Auditor says hackers could cause trouble on NSW roads

The NSW Auditor-General believes gaps in Roads and Maritime’s security framework could potentially be used by hackers to cause accidents on some sections of the state's road network.

In a review of the security of NSW’s key traffic and water assets, handed down this morning, Auditor-General Grant Hehir said while Roads and Maritime Services (RMS) had sufficient infosec policies and procedures, they didn't extend across the whole traffic light network, creating potential vulnerabilities.

“The risk management process covers the transport management centre (TMC) but does not extend to the whole traffic light environment. A comprehensive security plan/architecture has not yet been developed,” the report stated.

NSW traffic lights are operated by the Sydney coordinated adaptive traffic system (SCATS), which manages 4000 sets of signals from a central server linked with a network of subordinate regional servers. Central management means RMS can optimise traffic flows according to demand.

Lights are secured by safety interlocks, which prevent multiple signals showing green-green or yellow-green at the same time in an intersection.

Hehir and the audit team stopped short of publicly detailing how attackers could exploit holes in the infosec policies and procedures, citing security reasons, but handed the specific findings to RMS in a private report.

RMS disputed the findings of the private report, and claimed it had provided documentation to Hehir's team backing up its argument. The auditor, however, has not amended his findings.

Hehir also warned the agency to move faster to stand up its disaster recovery capabilities, after work to build a secondary data centre site hit delays.

He is not the first state auditor to highlight threats to physical infrastructure from malicious actors. Both Queensland and Victorian investigators uncovered large holes in the electronic defences of water and traffic authorities in the past year.

The NSW Auditor said he is determined to prevent the kind of attack that saw nearly a million litres of untreated sewage spill into parks and public spaces in 2000 in Queensland’s Maroochy Shire, after a disgruntled employee of one of the council’s IT vendors attacked the waste management system.

Sydney’s own water authority, Sydney Water Corporation, was given some acclaim for its security practices in Hehir's report, but the auditor pointed that holes still remain.
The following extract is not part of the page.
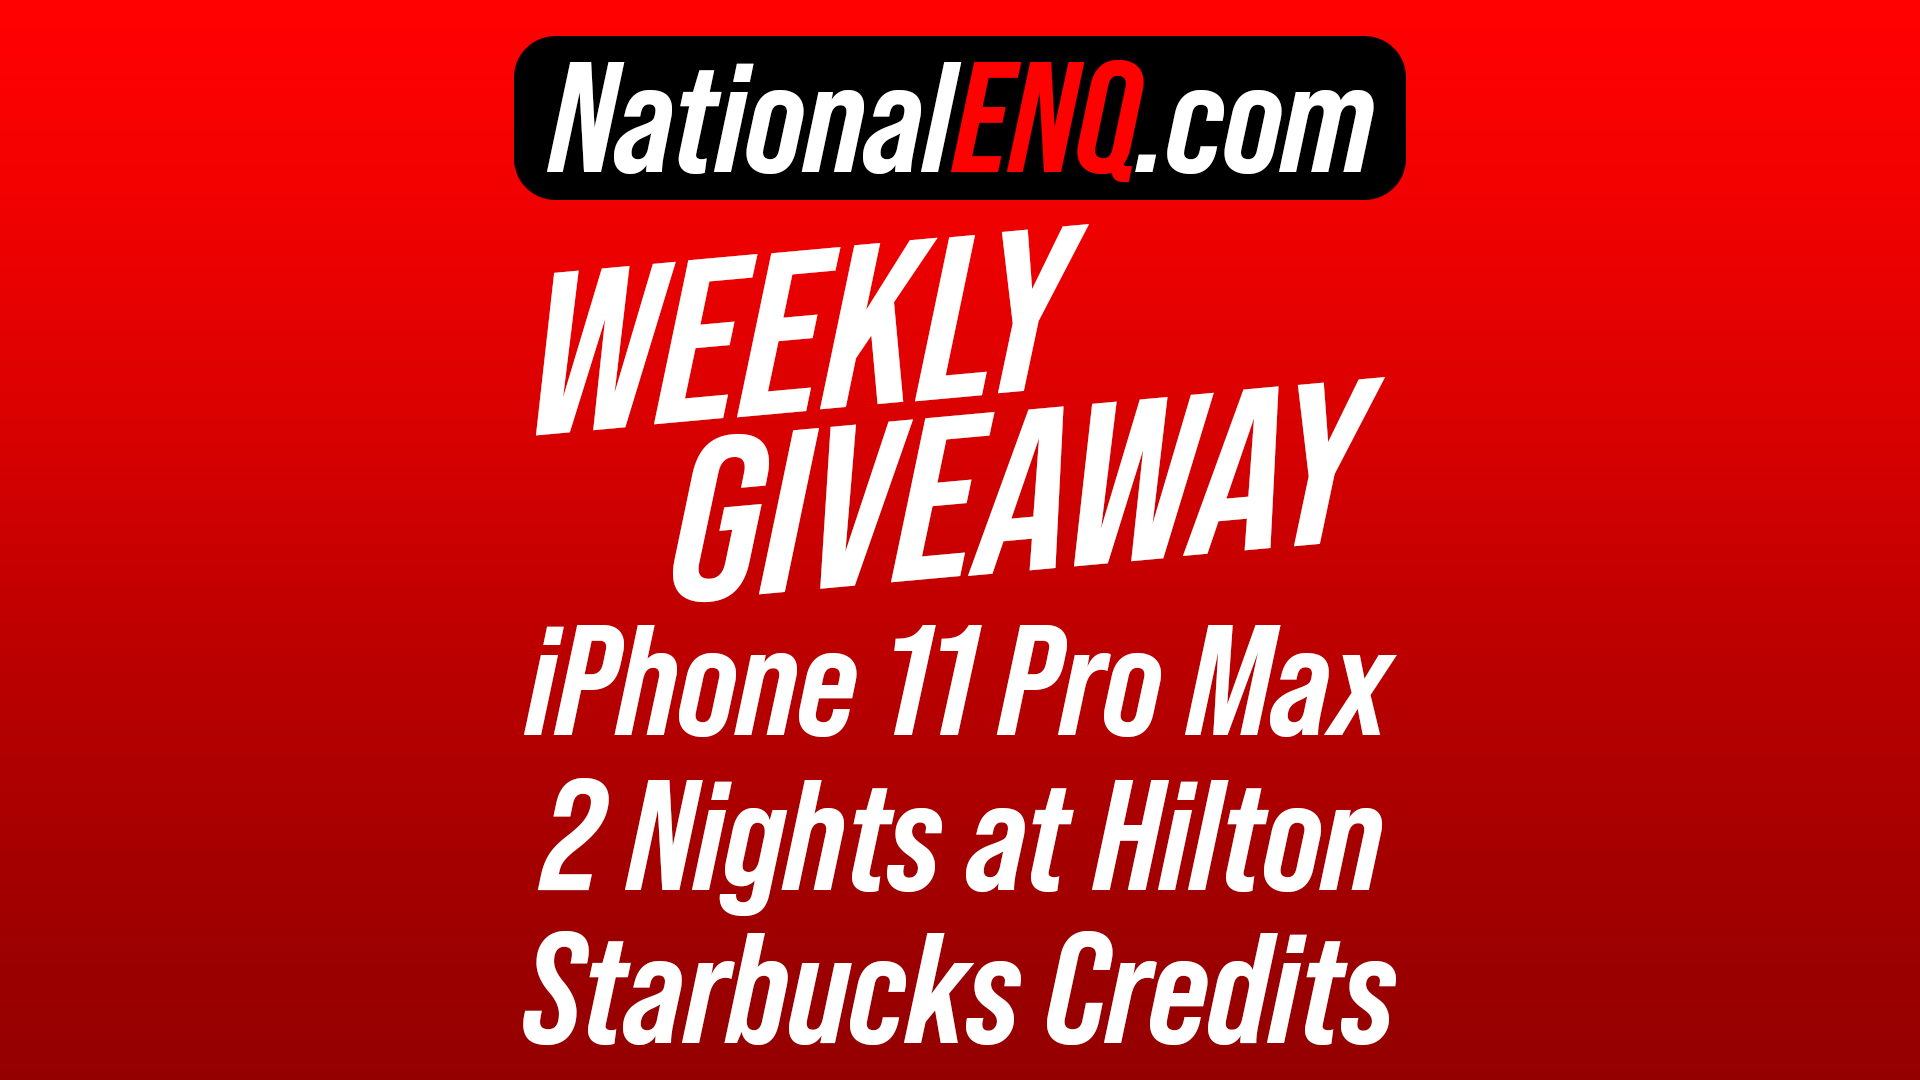 National ENQ Readers Are Rewarded! iPhone 11 Pro Max, Nights at Hilton & Starbucks Giveaway!

“Whilst SWC’s response capability is good, it is limited by its inability to detect all security breaches,” he wrote.

The gaps predominantly exist at an operational level, the investigation concluded, with limited precautions against malware introduced via USB storage drives and passwords to engineering systems that never expire.

Hehir also complained that he is hamstrung by NSW legislation from properly investigating third-party operated water treatment plants, in the absence of a full “follow-the-dollar” mandate from parliament to oversee outsourced operations.